Contributed by Debra A. Dandeneau.
A decision involving a malpractice action against counsel for a debtor could create troubling law relating to the treatment of letters of credit in bankruptcy. Although the bankruptcy court decision in Rafool v. Evans, et al. (In re Central Illinois Energy, L.L.C.), 2010 WL 2491019 (Bankr. C.D. Ill. Jun. 16, 2010), specifically involved whether the court should abstain from hearing a malpractice action against a debtor’s former counsel in favor of the state court, the nature of the underlying malpractice action should raise concerns about the application of bankruptcy law to letters of credit. In the underlying action, the chapter 7 trustee for the debtor’s estate is alleging that the debtor’s former counsel committed malpractice when it did not advise the debtor to draw on letters of credit that the debtor held as a beneficiary prior to the commencement of the debtor’s chapter 11 case.
The bankruptcy court decision does not explain precisely why the debtor was unable to draw on the letters of credit in its chapter 11 case. It notes, though, that the complaint alleges that the letters of credit constituted “financial accommodations” to the debtor within the meaning of section 365(c)(2) of the Bankruptcy Code, the debtor could not, therefore, assume them in its bankruptcy case, and, therefore, the debtor’s estate was harmed in the amount of the undrawn letters of credit ($8.8 million).
Because the bankruptcy court was focused on abstention, the opinion does not dwell on what constitutes a “financial accommodation.” It does state, without citation, that “[w]hether a letter of credit is an executory contract within the scope of Section 365, and whether it is a contract to extend ‘financial accommodations,’ are often difficult issues of bankruptcy law” and characterizes the issue in the complaint as an unsettled issue of bankruptcy law.
However one looks at the issue, the decision and the underlying action are troubling. If the debtor is holding a letter of credit as the beneficiary, then the letter of credit was issued as a financial accommodation to another entity, the account party, apparently to secure the obligations of the account party. In Central Illinois Energy, that is precisely what happened – two contractors caused letters of credit to be issued to secure their performance obligations. That a financial institution has an existing obligation to a debtor to make a payment to a debtor upon the occurrence of certain circumstances does not render that obligation a “financial accommodation” to the debtor. The purpose of the financial accommodation provision in section 365 is to prevent an entity from being forced to make a loan or extend other financing to a debtor in possession. Where, however, the debtor in possession is the beneficiary of the letter of credit, the credit already has been extended to another entity. This should not be an unsettled issue of bankruptcy law.

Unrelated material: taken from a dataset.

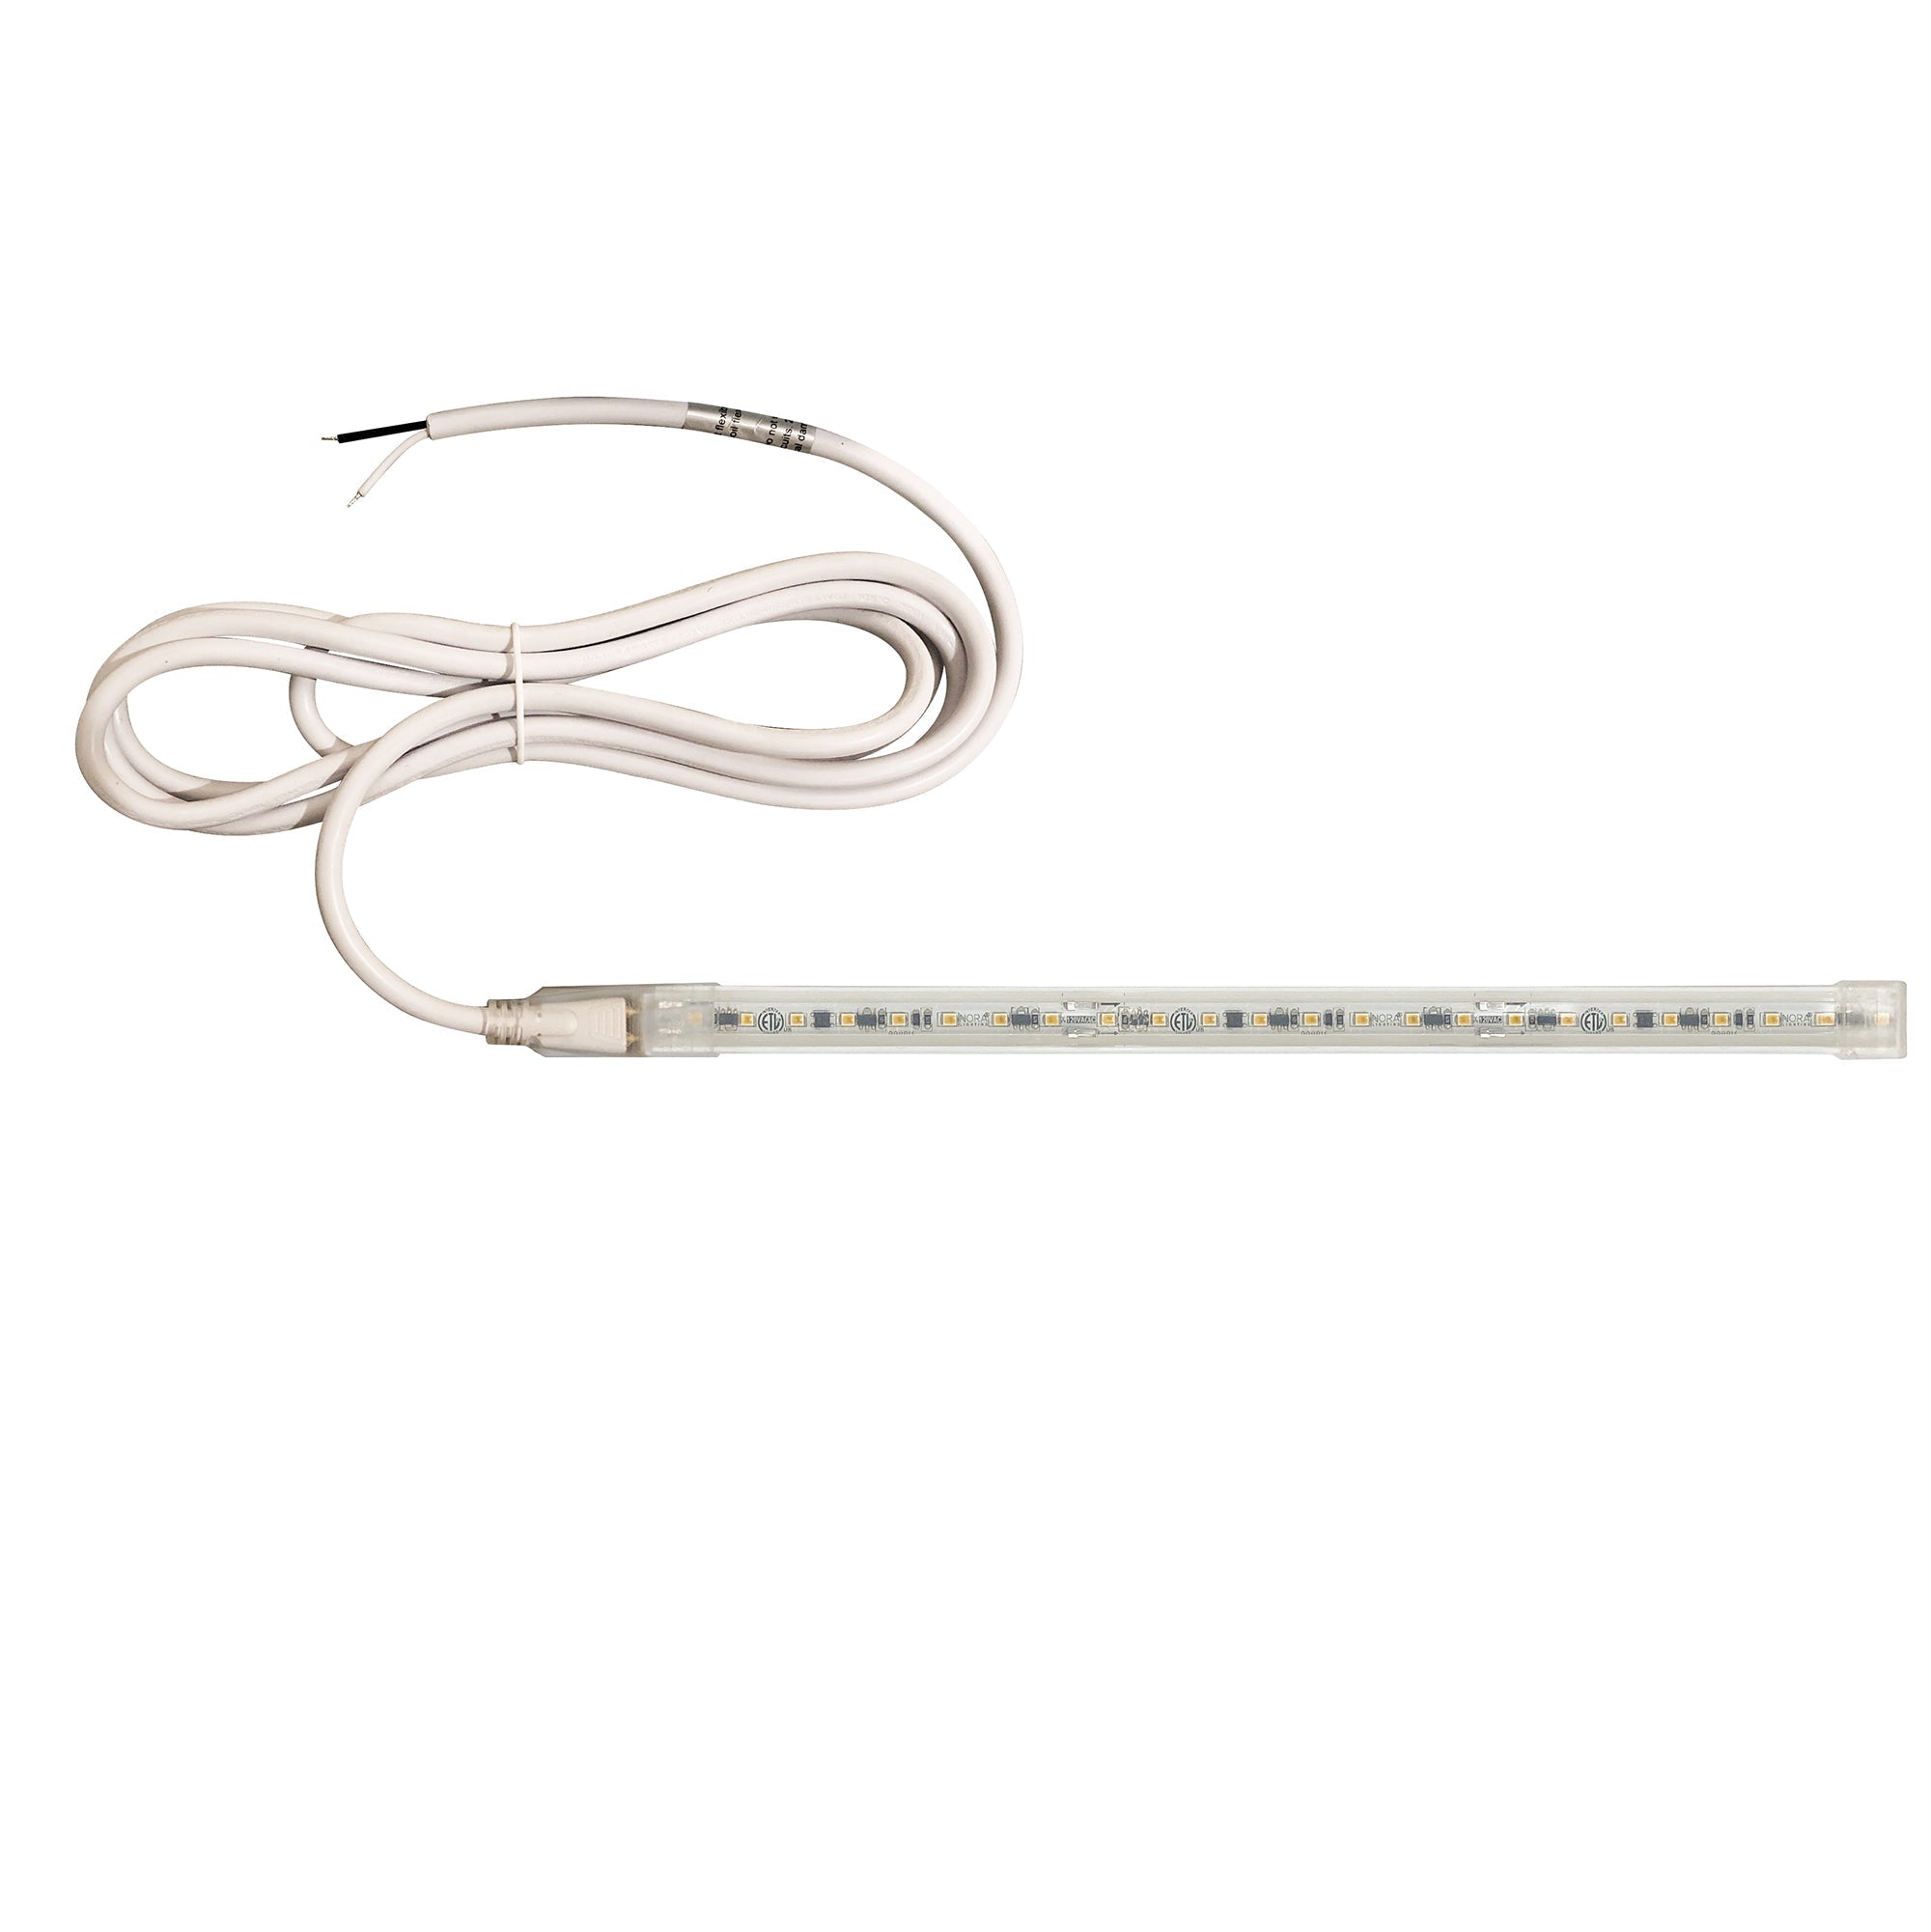 Nora Lighting NUTP13-W10-12-940/HW - Accent / Undercabinet - Custom Cut 10-ft 120V Continuous LED Tape Light, 330lm / 3.6W per foot, 4000K, w/ Mounting Clips and 8' Hardwired Power Cord

Even if the situation were reversed and the debtor in possession was the account party under an existing letter of credit, the issue likewise would not be unsettled. Any characterization of a letter of credit issued prepetition on behalf of the debtor as a “financial accommodation” preventing draw by the non-debtor beneficiary would run squarely up against the “independence principle”— viz., that a letter of credit, once issued, is an independent obligation of the issuer to the beneficiary, and its draw cannot be enjoined upon the occurrence of the debtor’s bankruptcy filing. The only decision to ever hold otherwise – Twist Cap, Inc. v. Southeast Bank of Tampa (In re Twist Cap, Inc.), 1 B.R. 284 (Bankr. M.D. Fla. 1979) – was universally rejected and roundly criticized.
The only situation in which the notion of financial accommodation should be relevant in the letter of credit context is where the letter of credit has not been issued as of the petition date. In that situation, the debtor’s lender has no obligation to issue a letter of credit after the filing.
None of these basic principles of bankruptcy law, however, appear to be involved in Central Illinois Energy. Instead, in the context of a malpractice action, the bankruptcy court runs the risk of venturing close to a twist on Twist Cap territory. Surprisingly, this time, no one seems to be reacting.